> [Work to complete]:
Could you print the listing again exactly, omitting the pictures?

> [Data block]:
------------------------------------

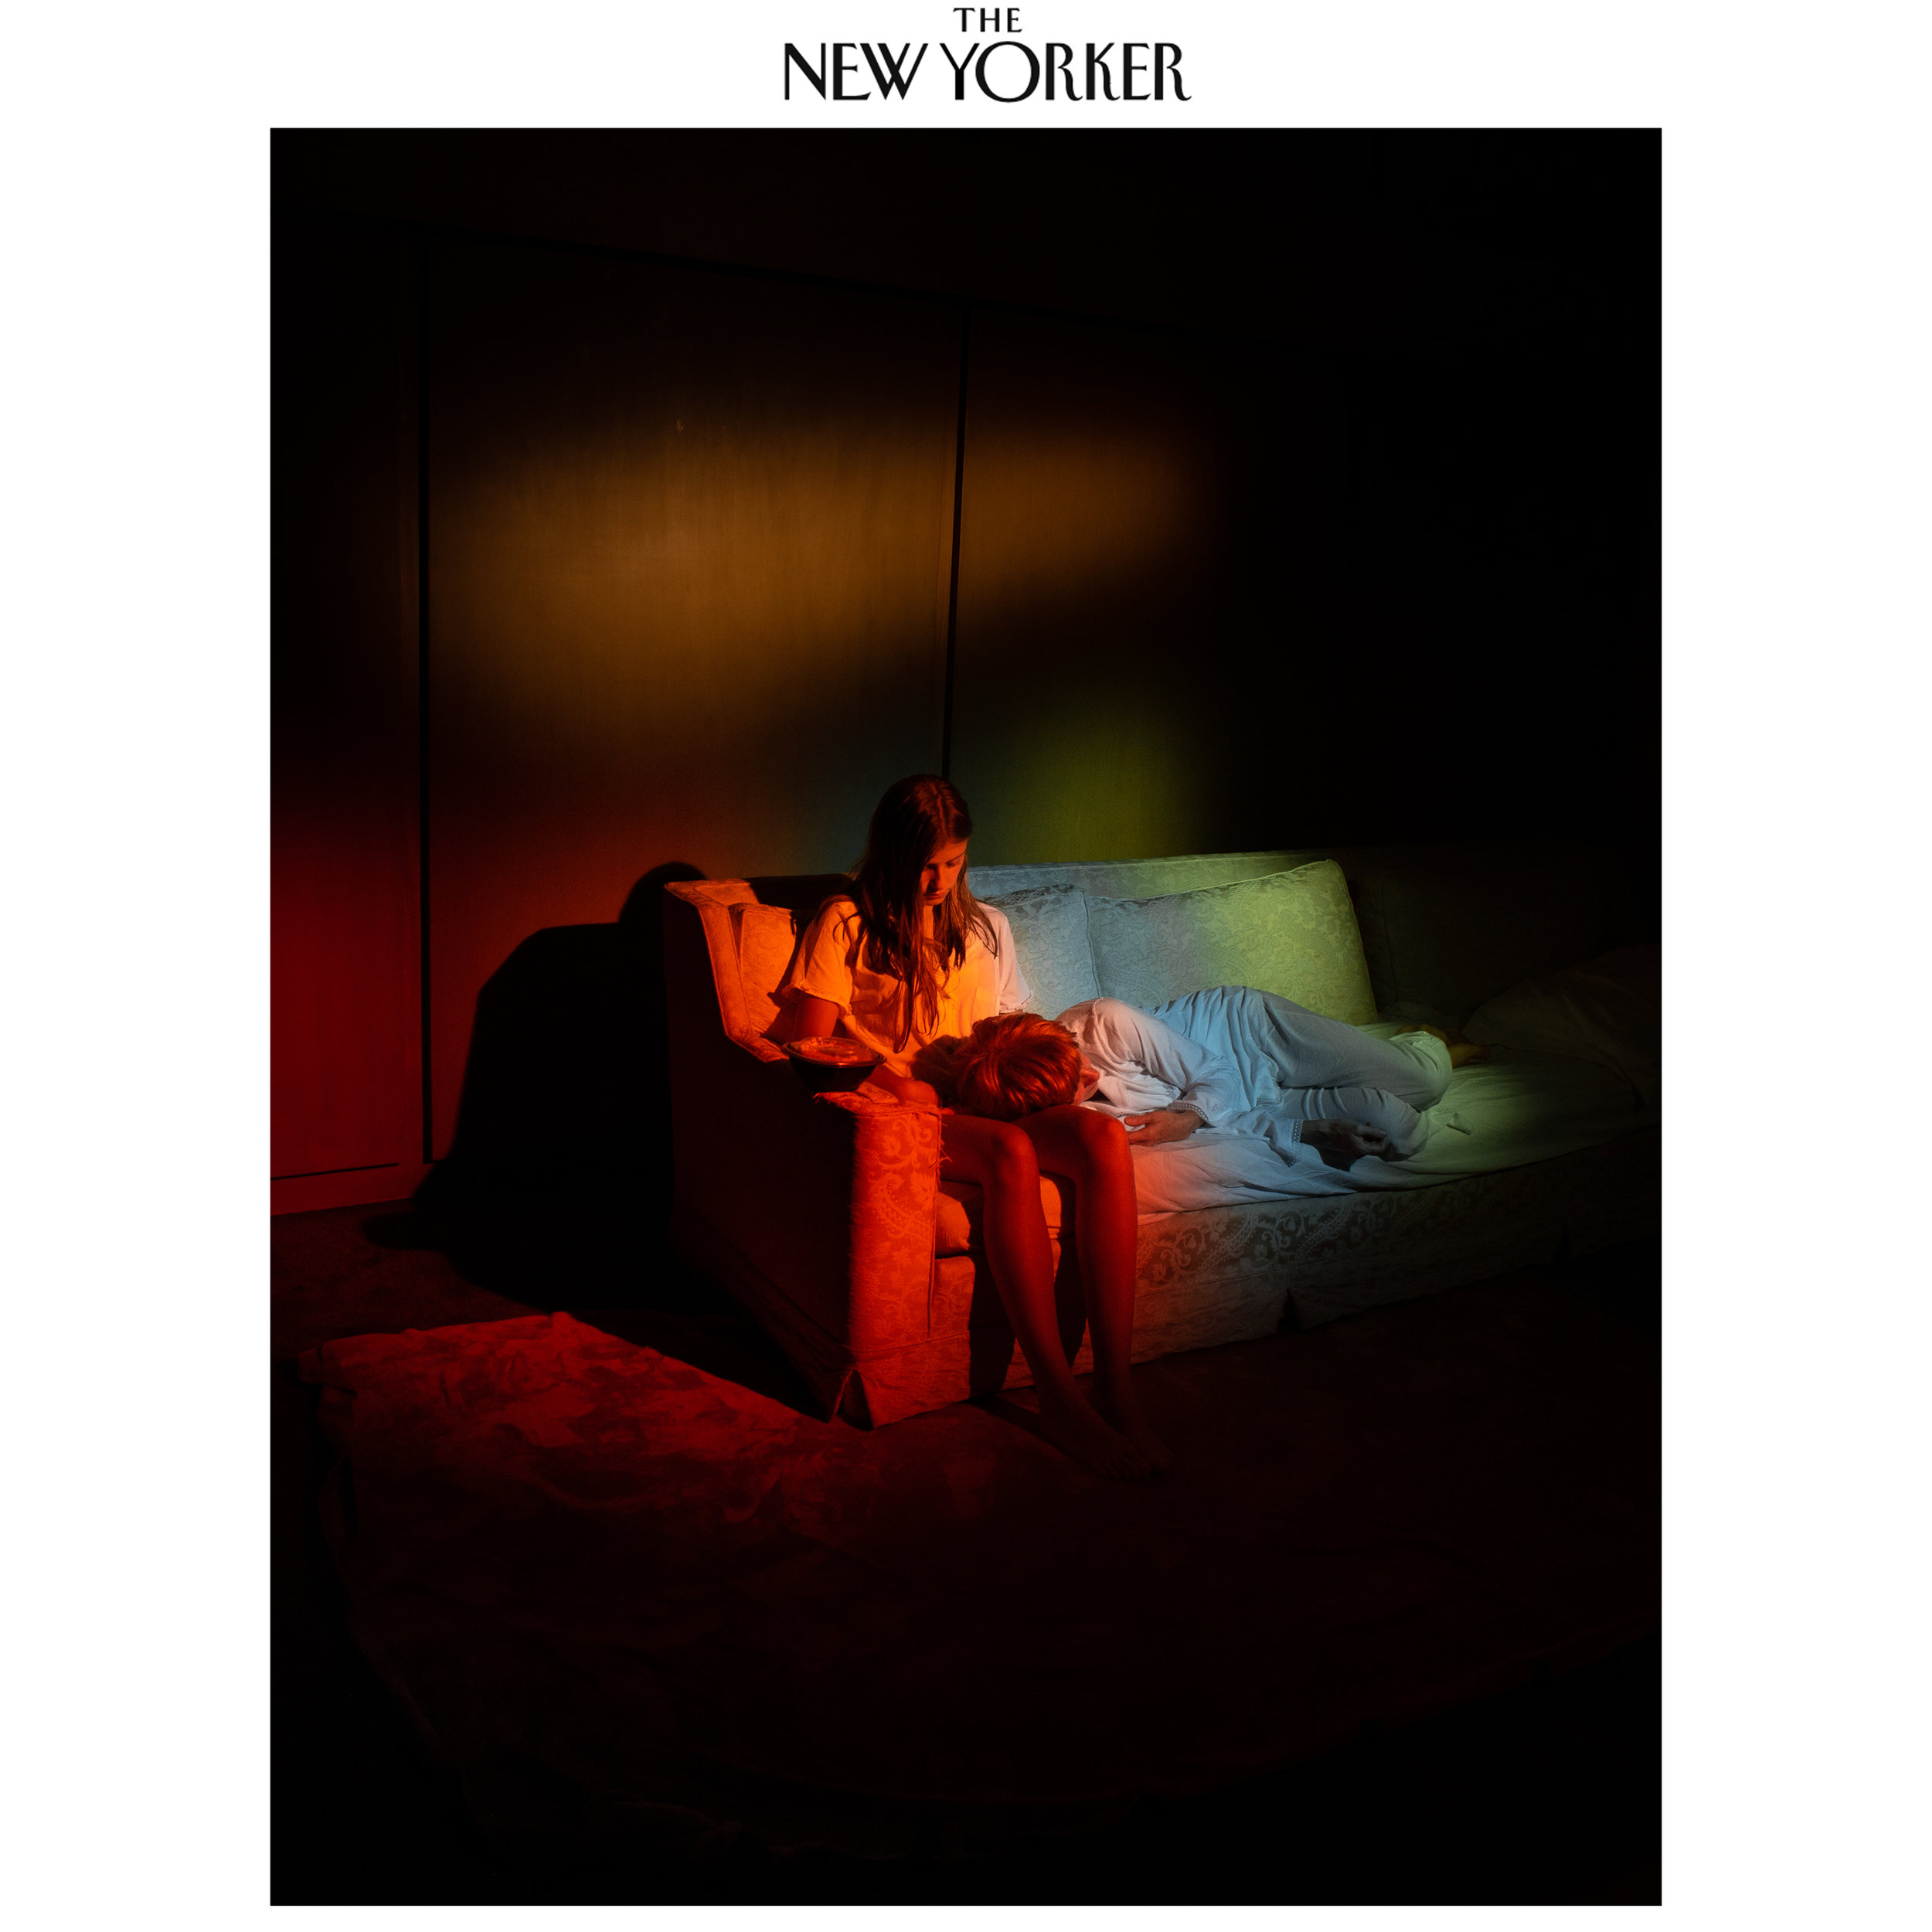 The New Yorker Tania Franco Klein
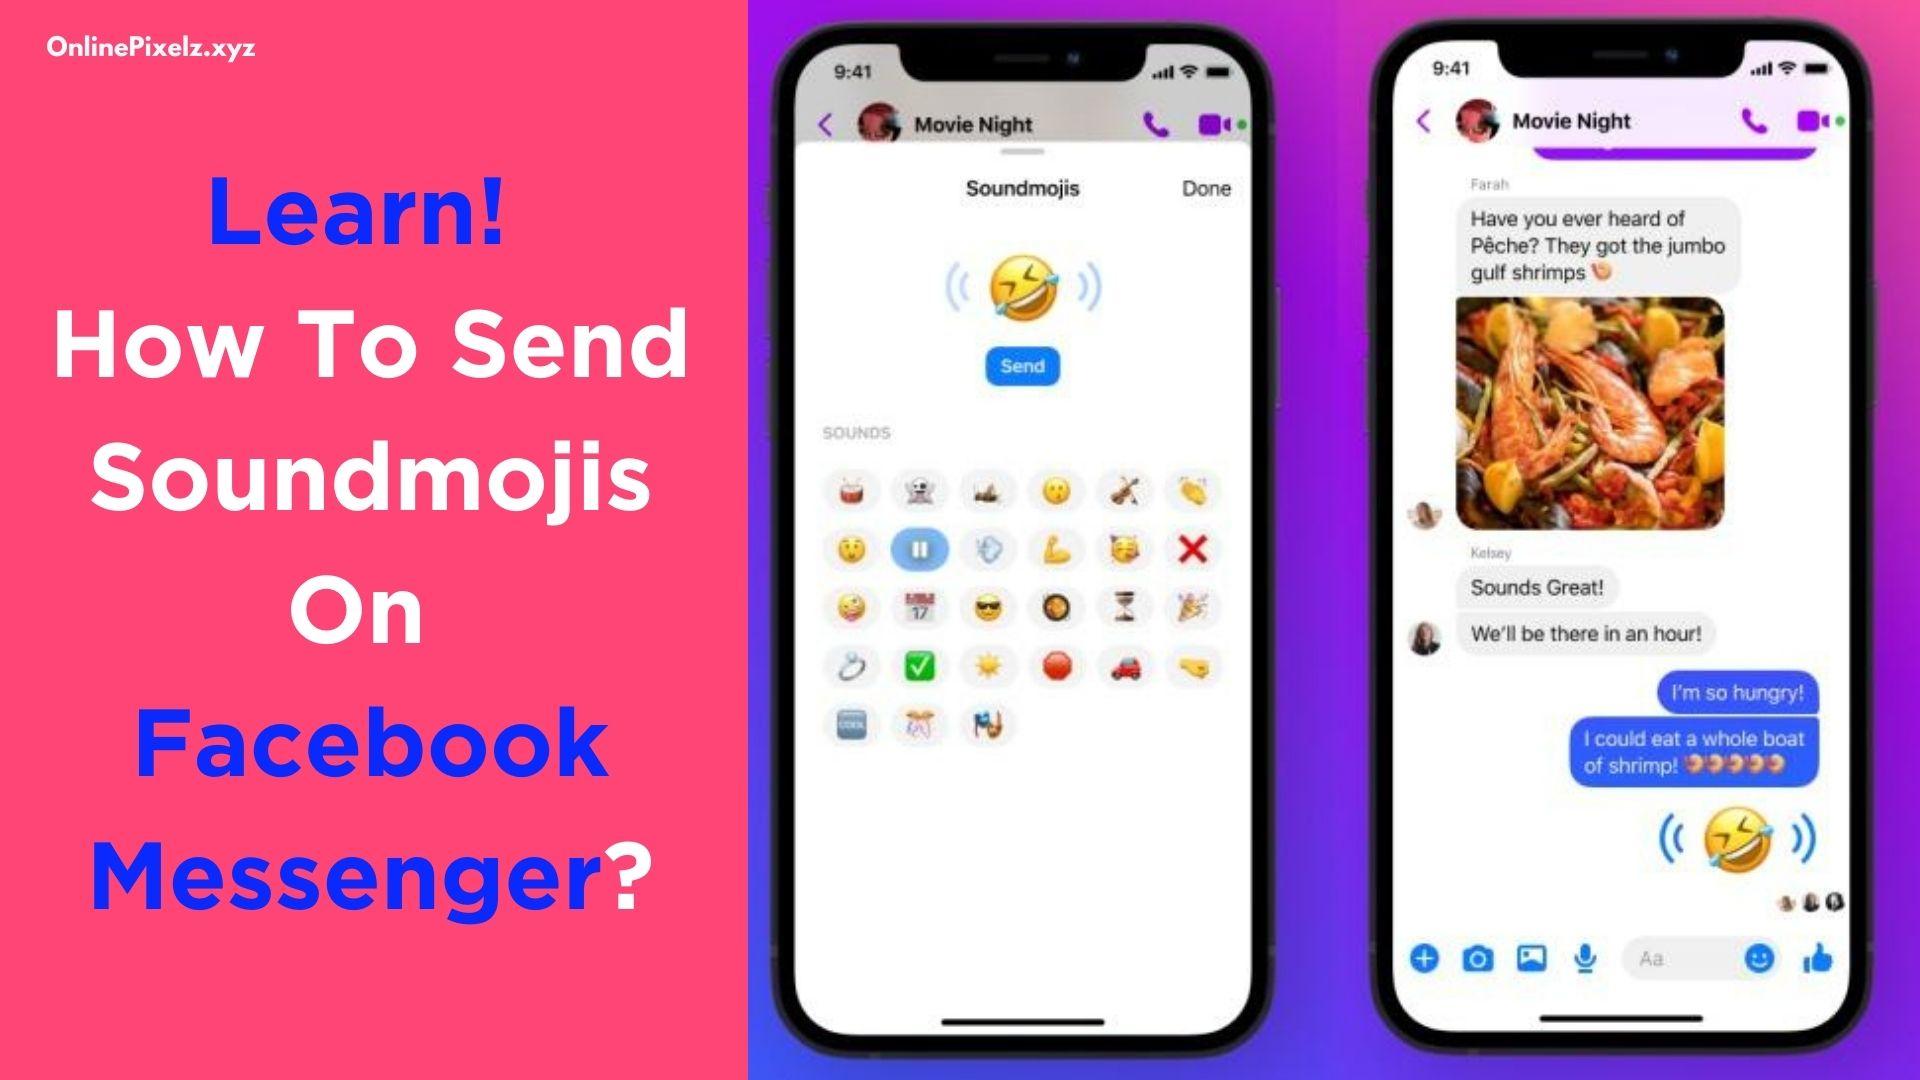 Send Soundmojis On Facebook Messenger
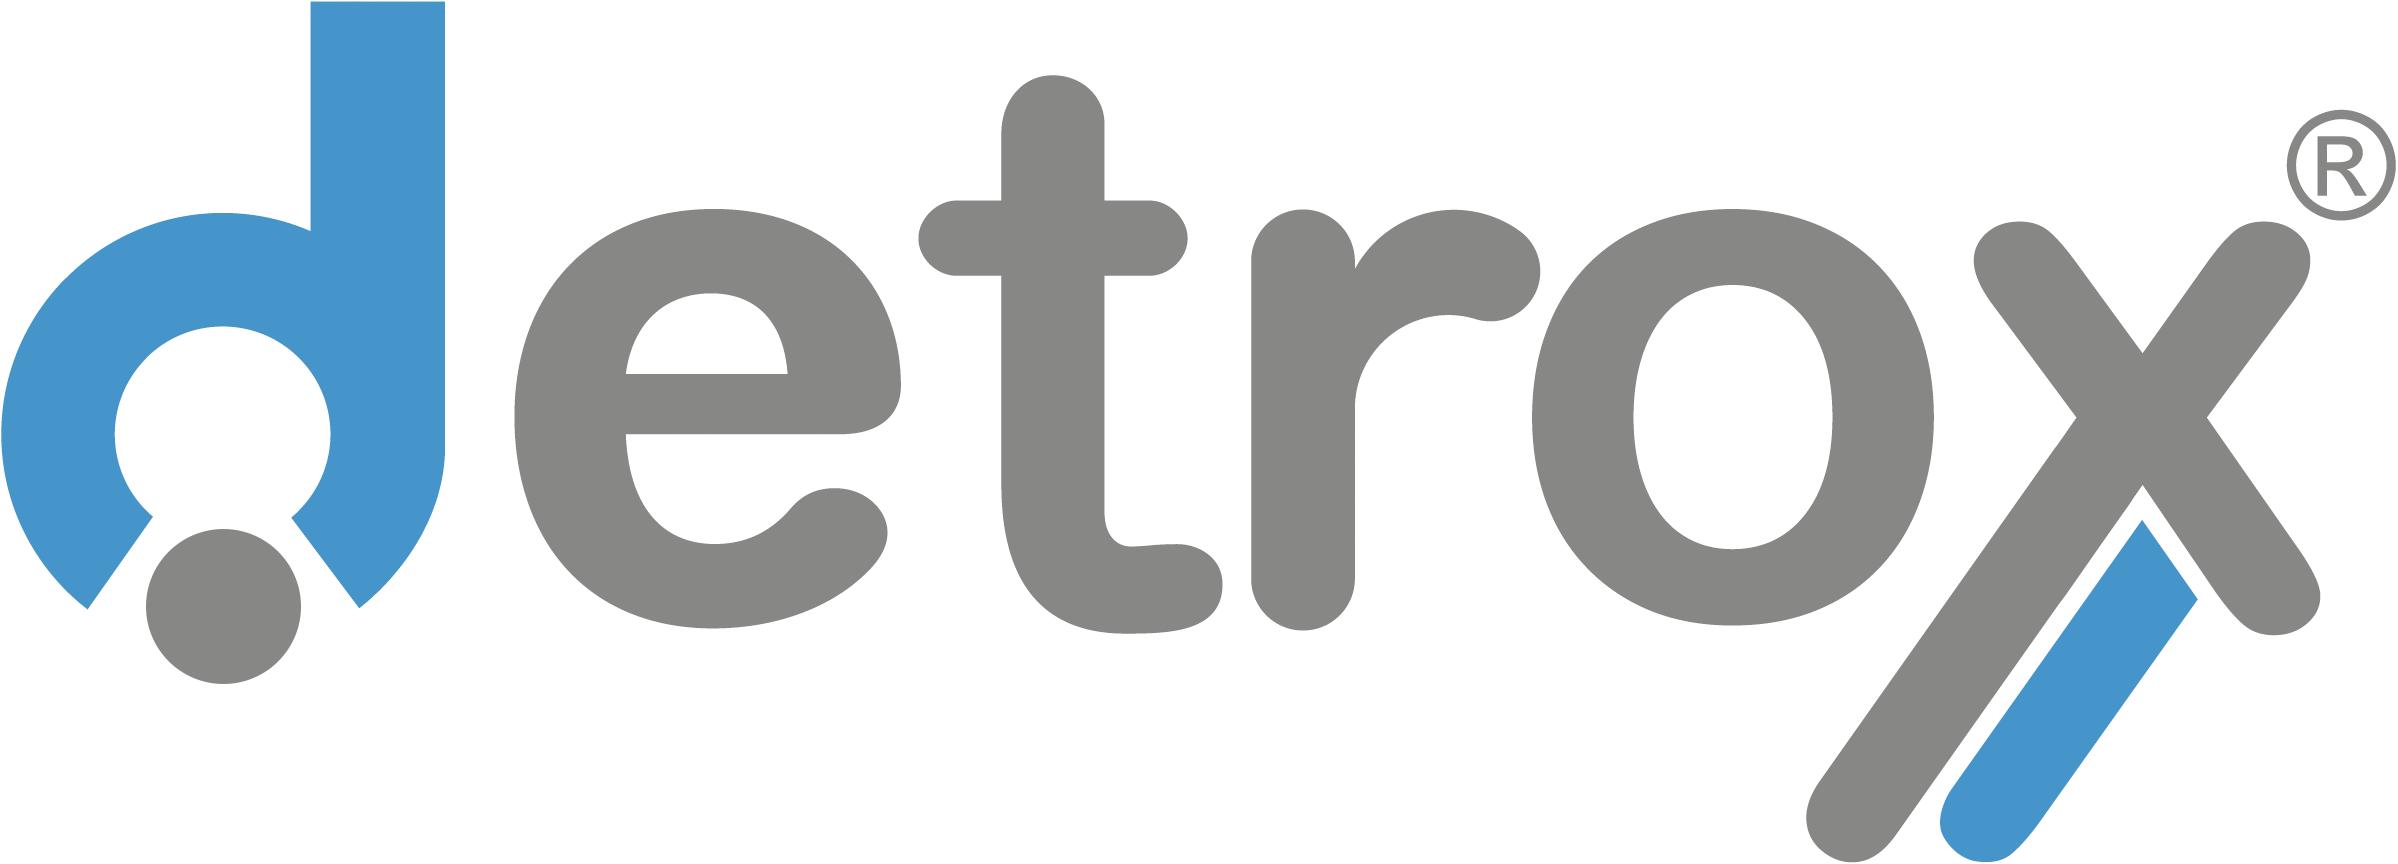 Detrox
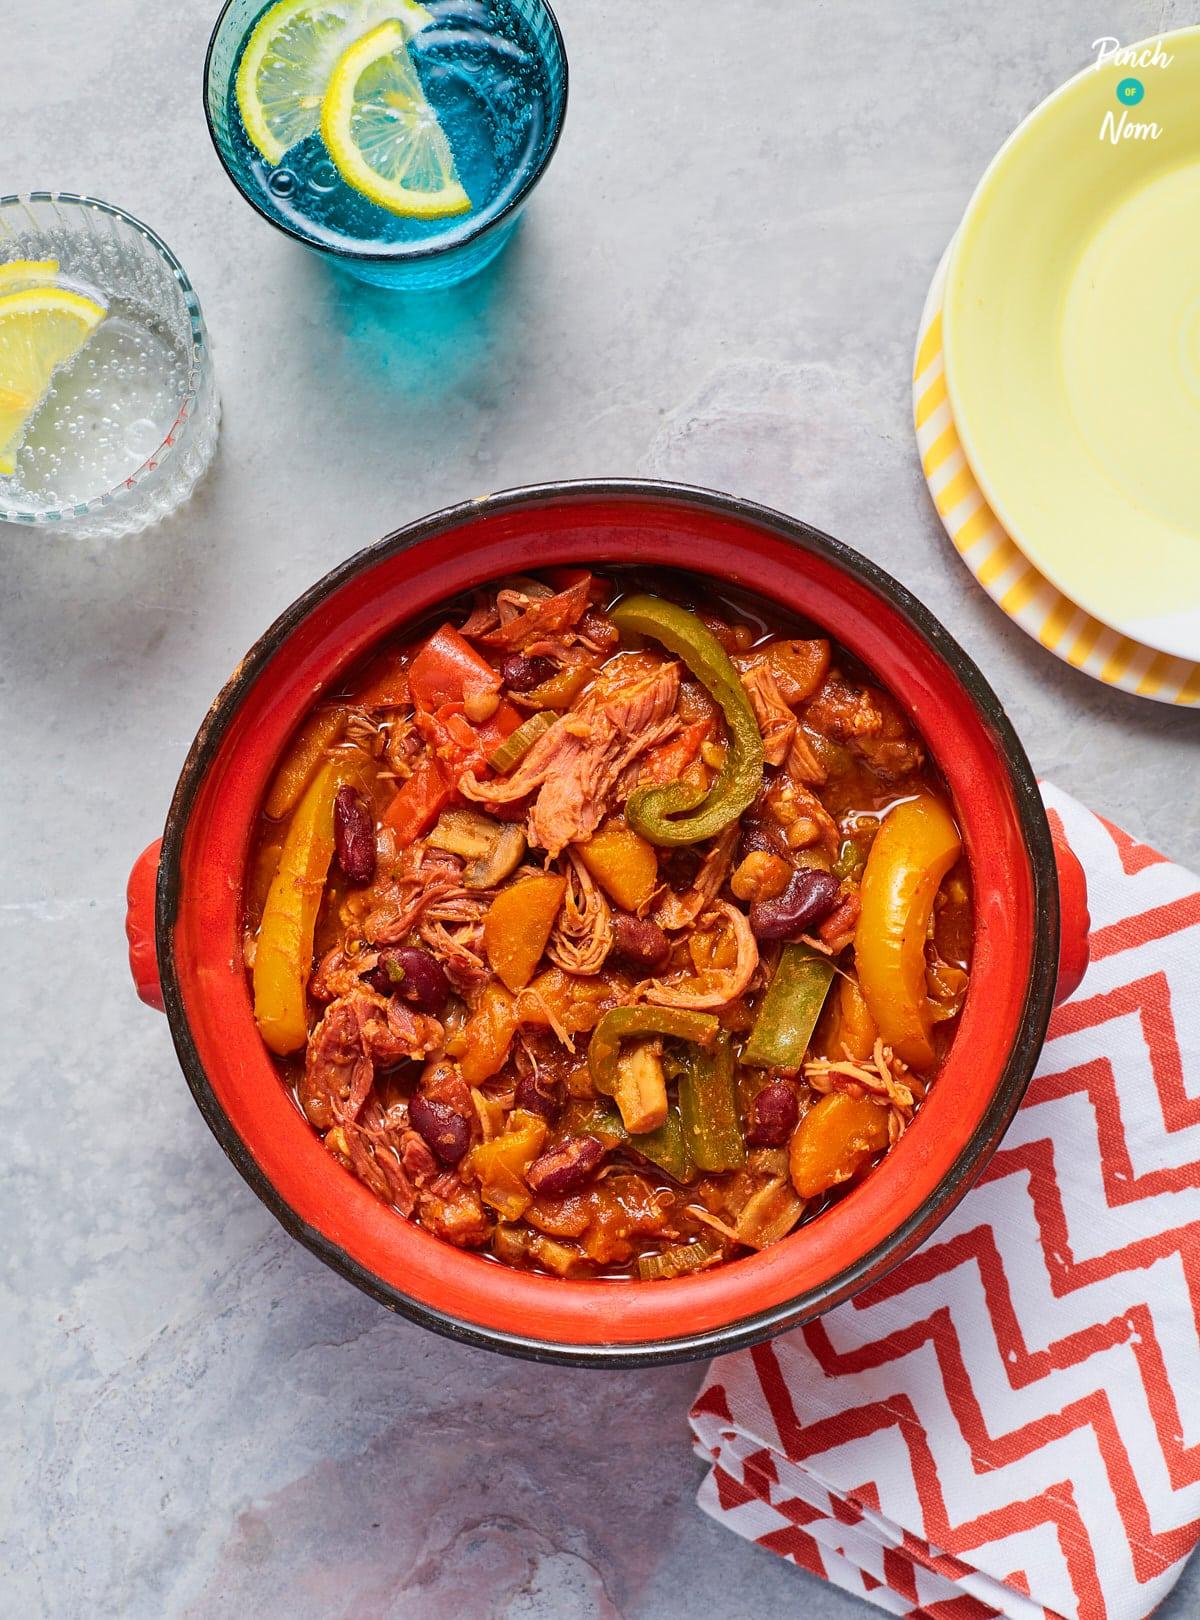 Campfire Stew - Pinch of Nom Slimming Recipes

------------------------------------

> [Answer space]:
 The New Yorker Tania Franco Klein
 Send Soundmojis On Facebook Messenger
 Detrox
 Campfire Stew - Pinch of Nom Slimming Recipes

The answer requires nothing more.